WHAT YOU NEED TO DO: Everything in the data except the pictures belongs in your answer, copied exactly.
──────── INFORMATION PROVIDED ────────
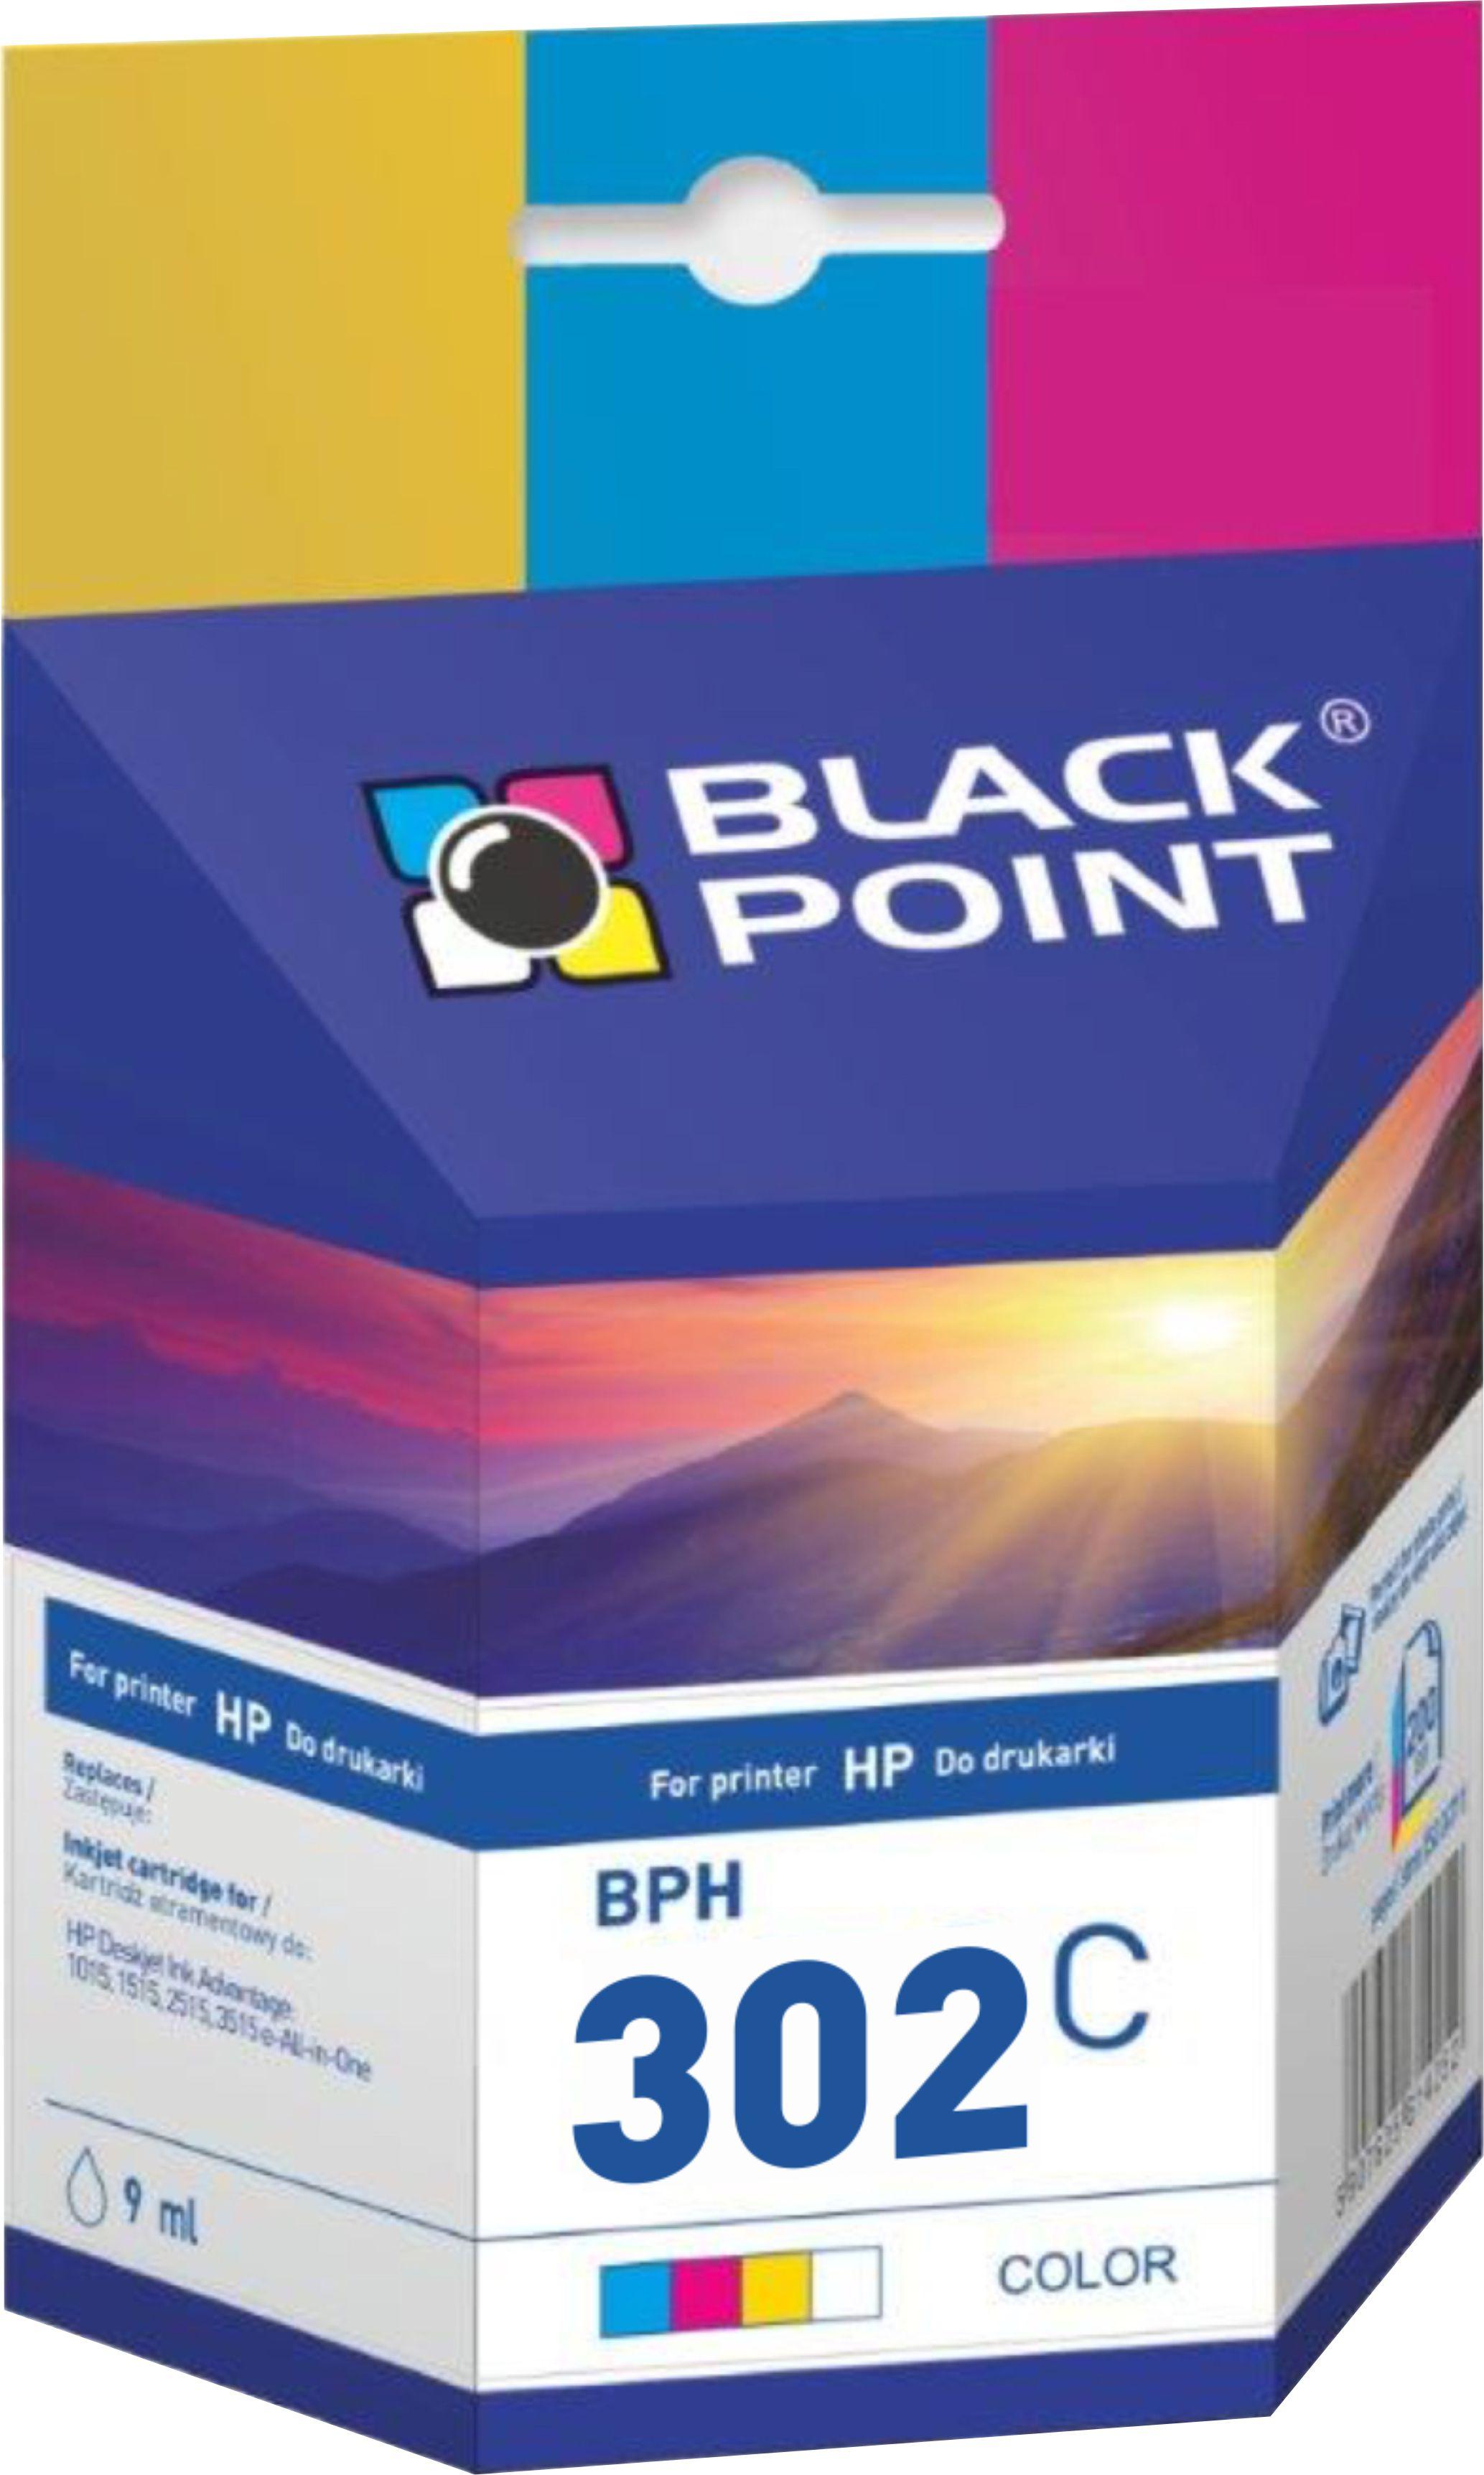 CMYK - Black Point tusz BPH302C zastpuje HP F6U65AE, trjkolorowy
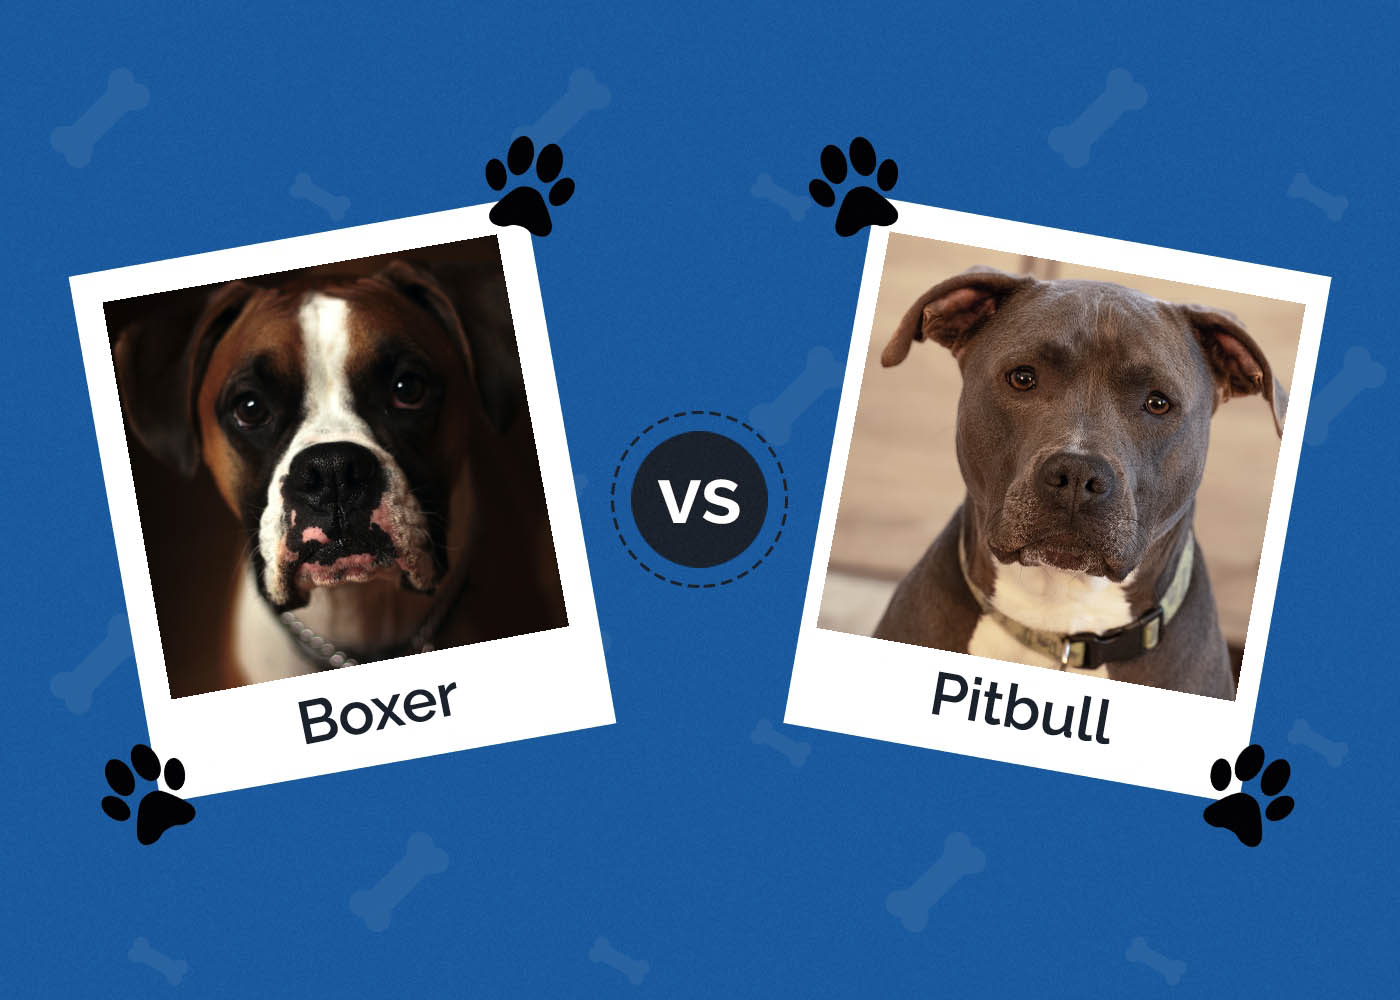 Boxer vs Pitbull
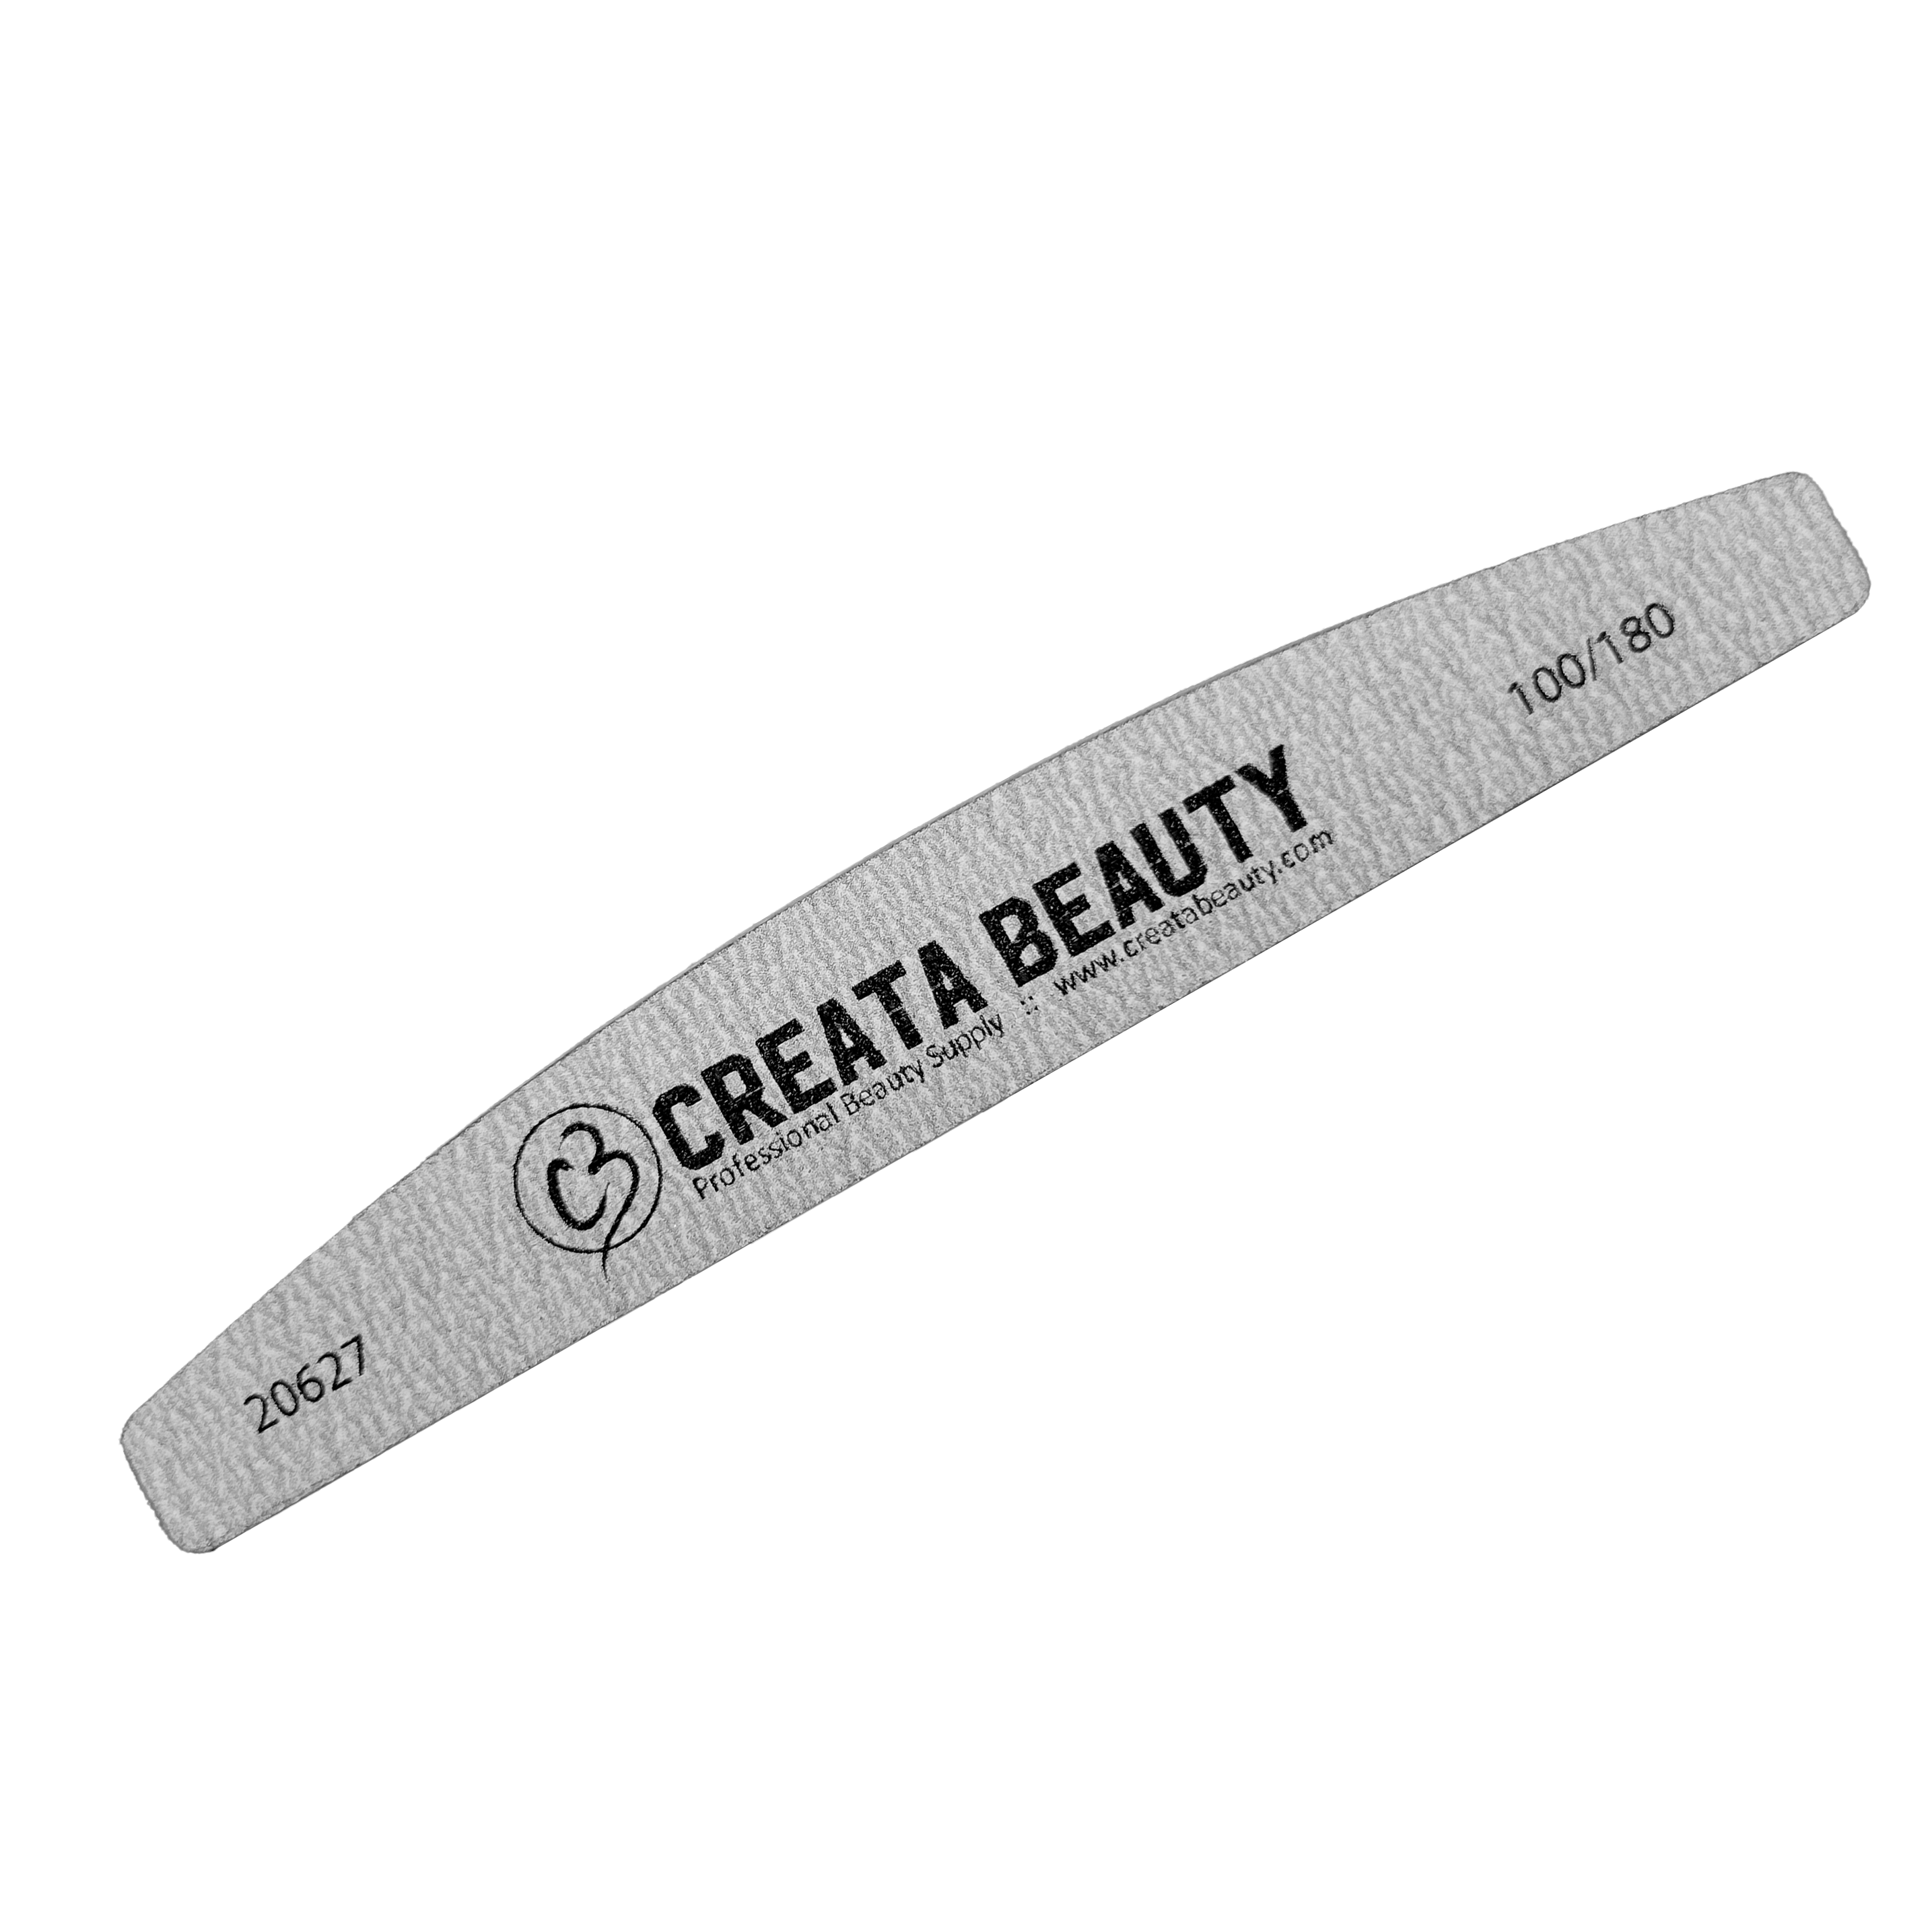 Creata Beauty Premium Files - Bridge Zebra - Creata Beauty - Professional Beauty Products
────────
ANSWER TO THE PROBLEM:
 CMYK - Black Point tusz BPH302C zastpuje HP F6U65AE, trjkolorowy
 Boxer vs Pitbull
 Creata Beauty Premium Files - Bridge Zebra - Creata Beauty - Professional Beauty Products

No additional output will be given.